## Exercise
Output the data below exactly, images excluded.

## Information shown
§ §
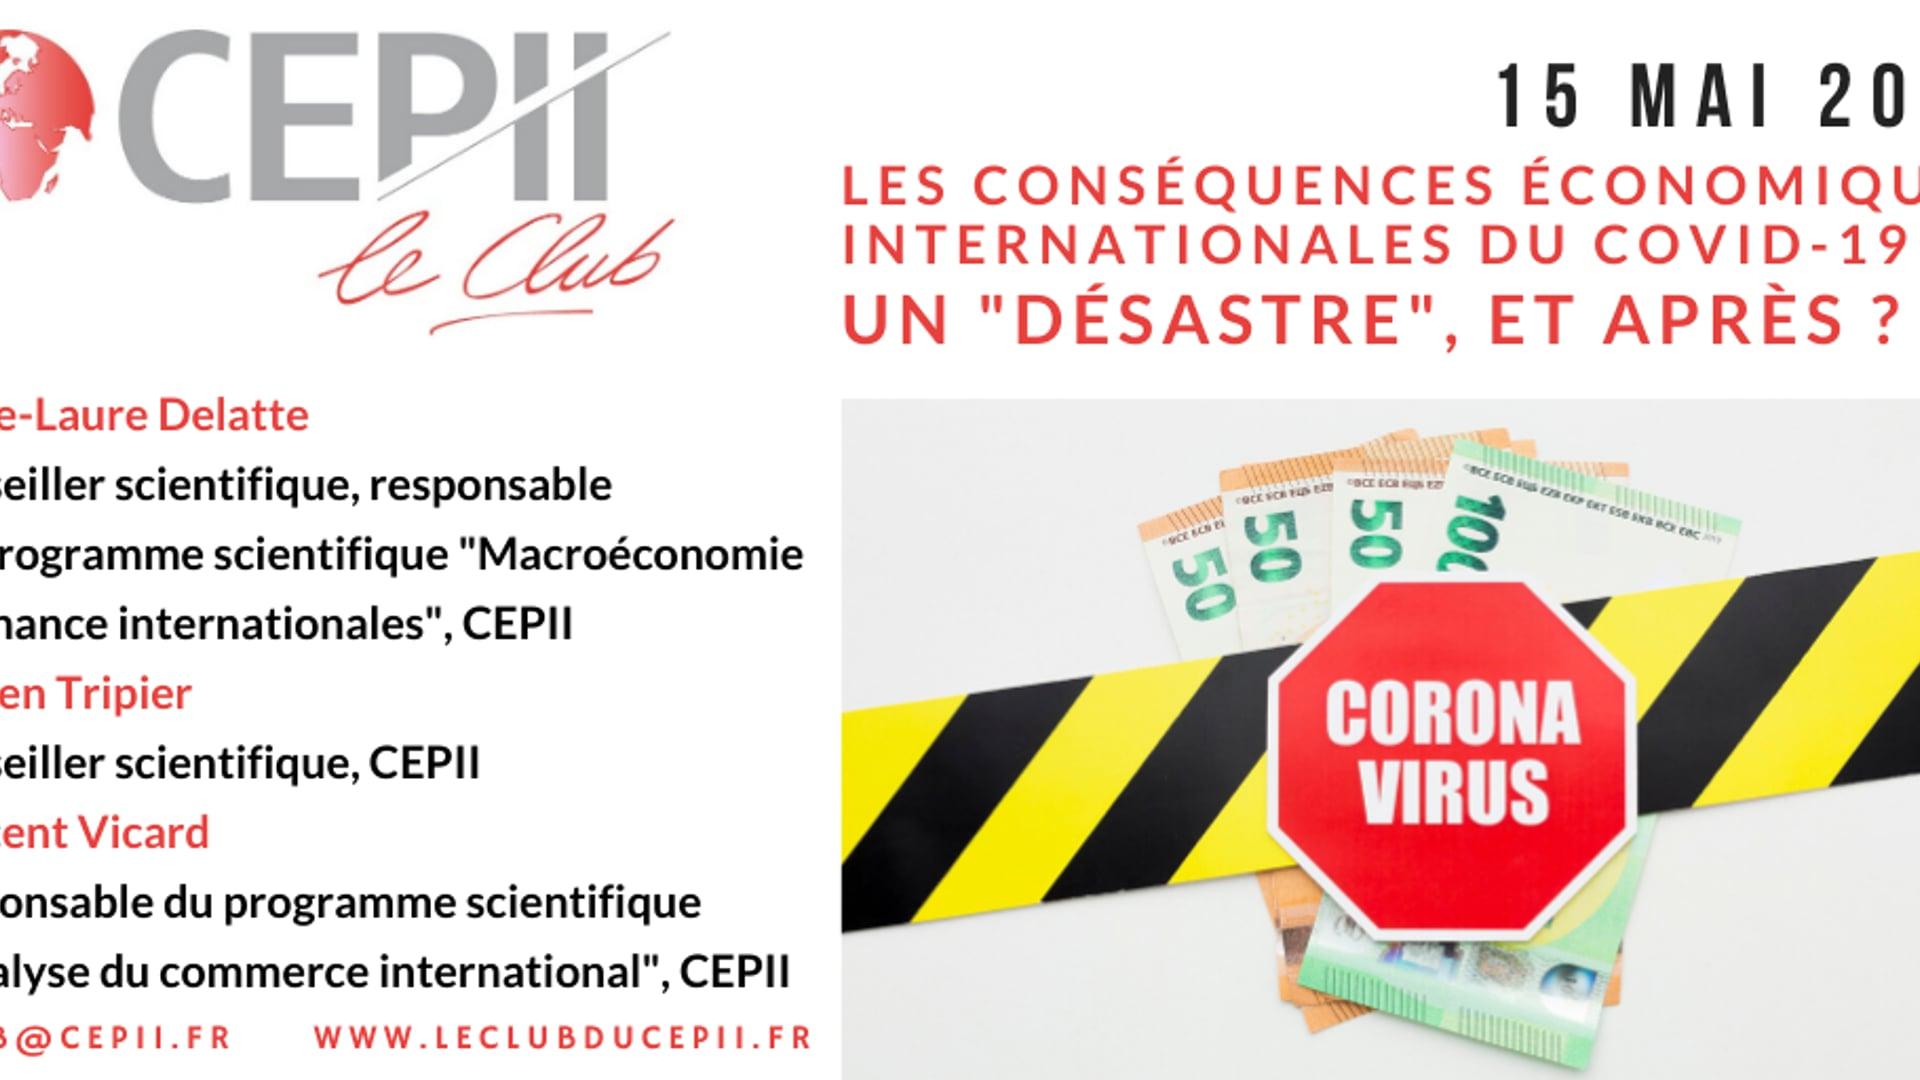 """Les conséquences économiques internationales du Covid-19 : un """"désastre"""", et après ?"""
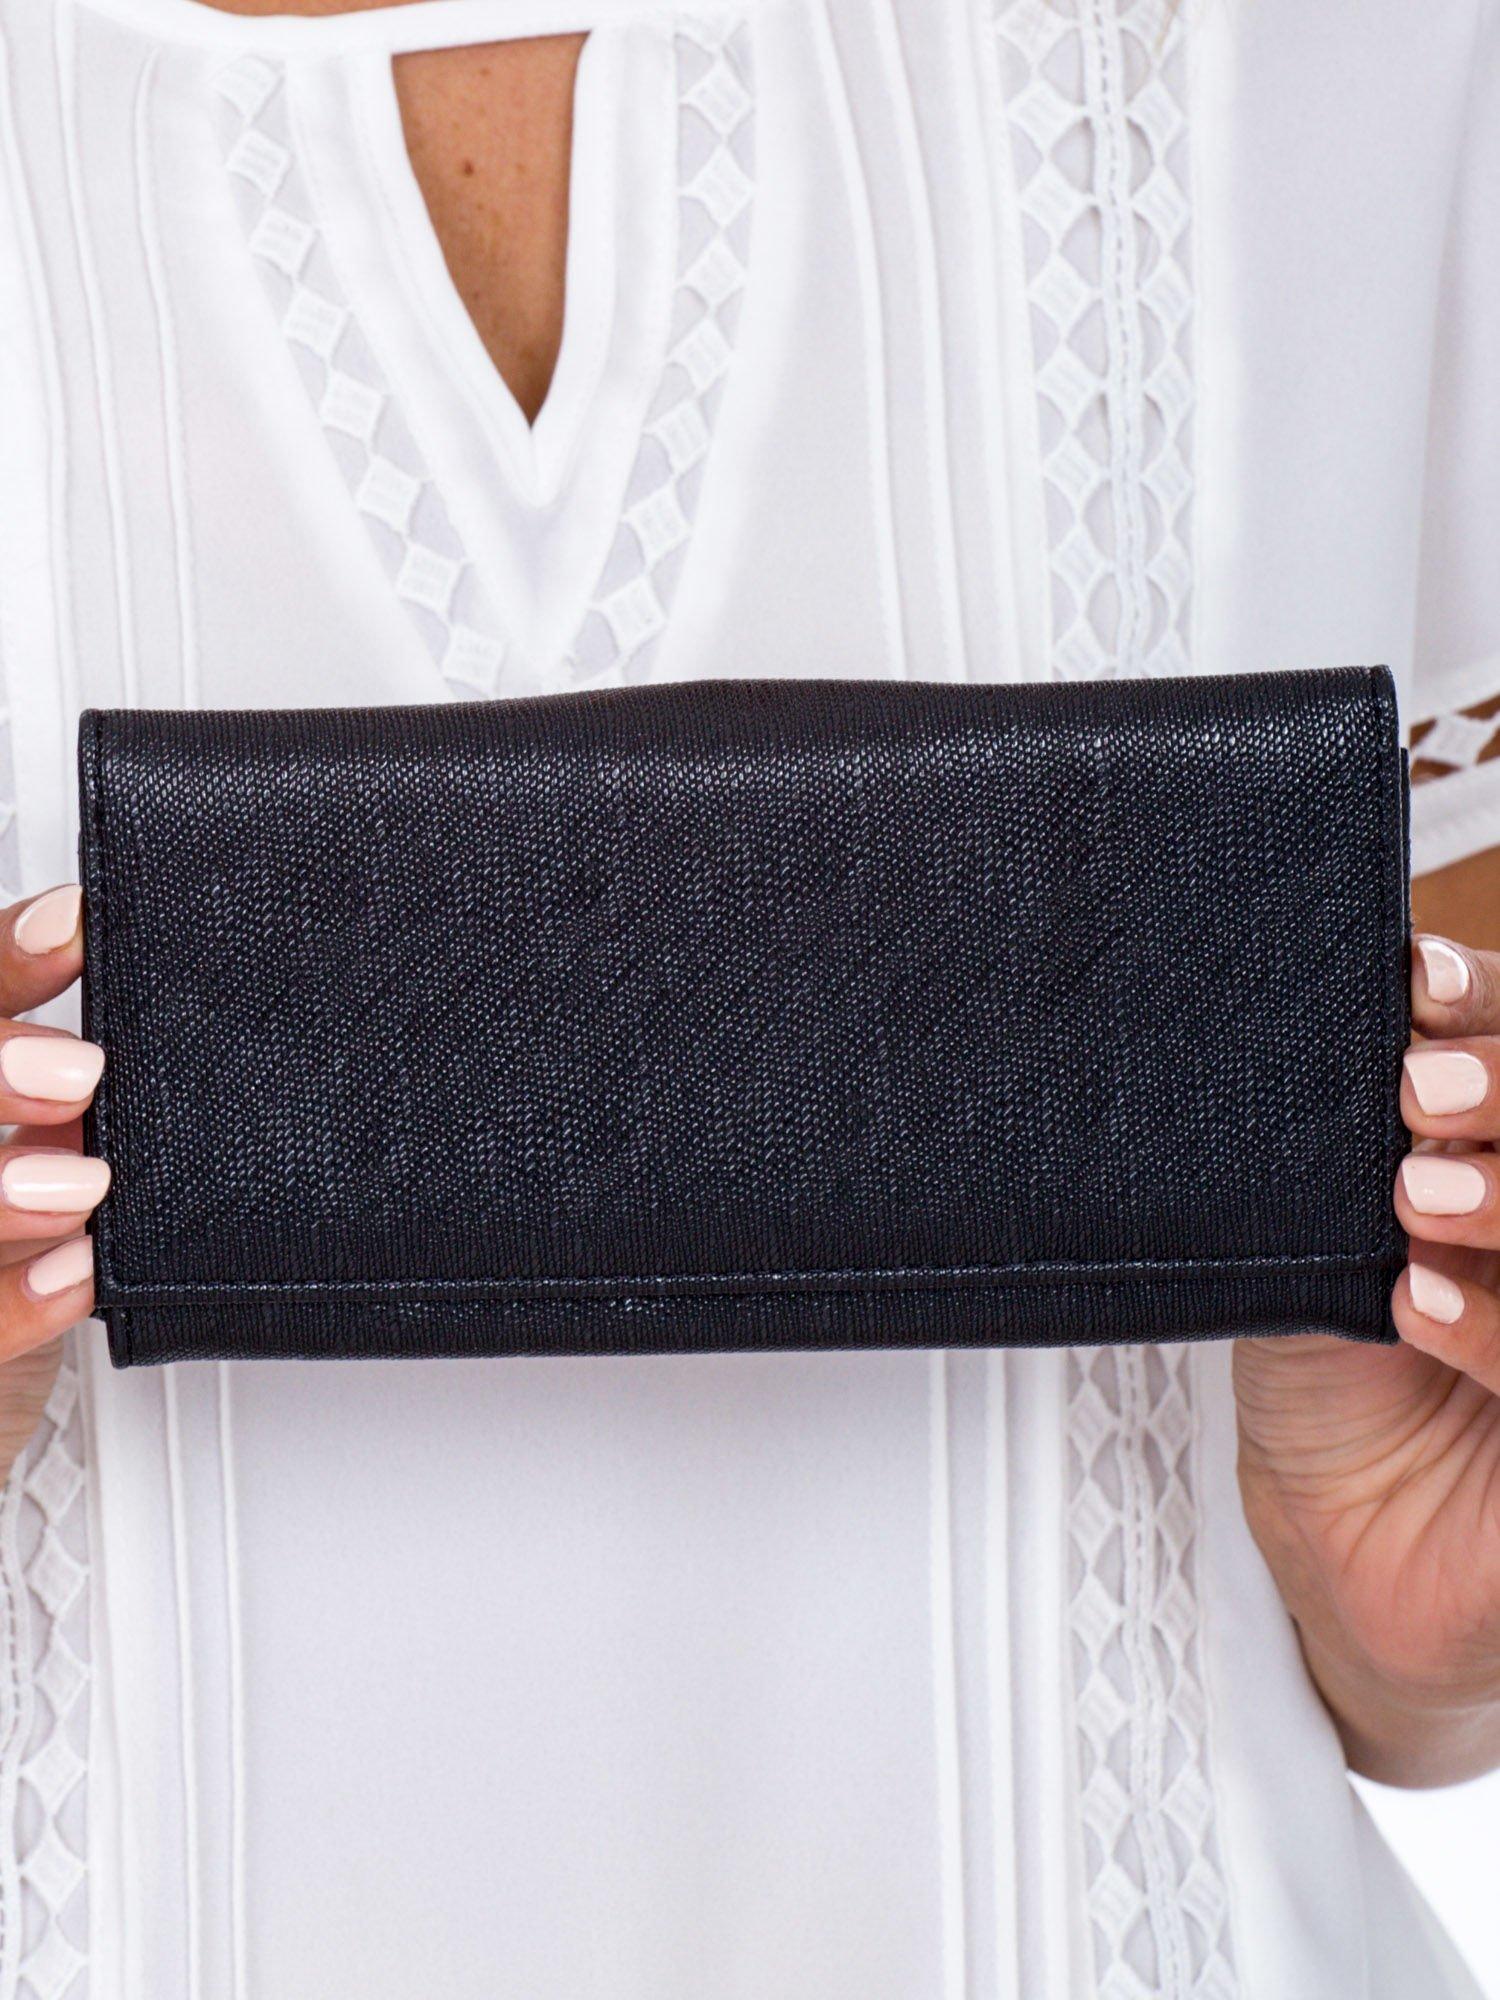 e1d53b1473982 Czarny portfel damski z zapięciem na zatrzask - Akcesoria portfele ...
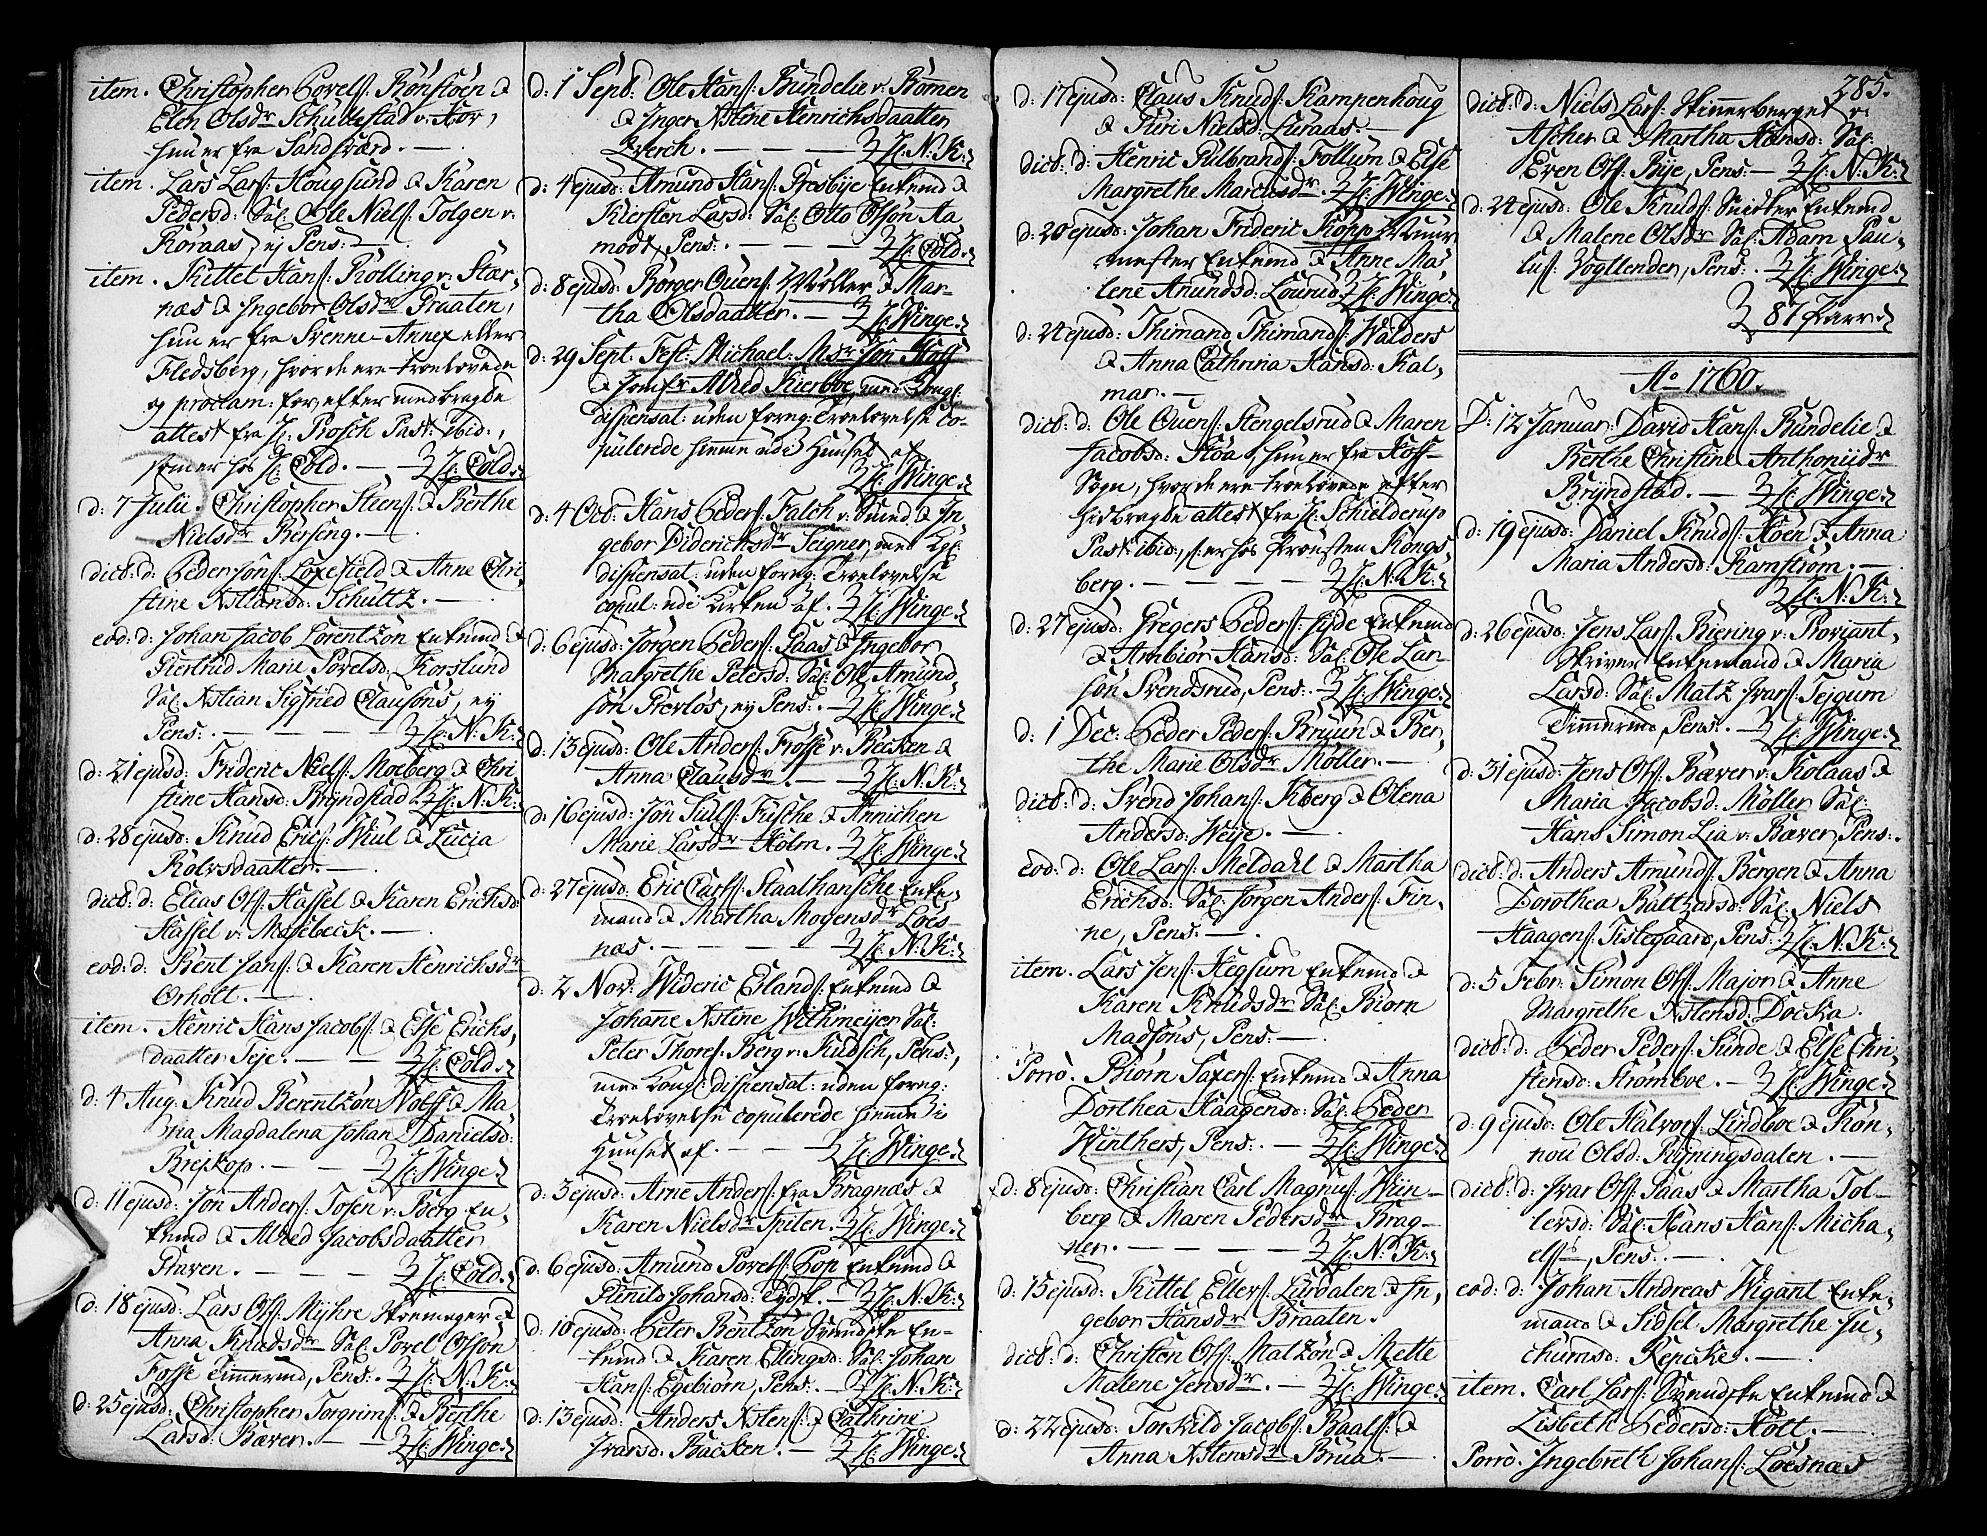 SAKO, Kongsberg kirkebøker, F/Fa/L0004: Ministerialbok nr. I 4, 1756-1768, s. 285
§ §
## Answer space
 """Les conséquences économiques internationales du Covid-19 : un """"désastre"""", et après ?"""
 e1d53b1473982 Czarny portfel damski z zapięciem na zatrzask - Akcesoria portfele ...
 SAKO, Kongsberg kirkebøker, F/Fa/L0004: Ministerialbok nr. I 4, 1756-1768, s. 285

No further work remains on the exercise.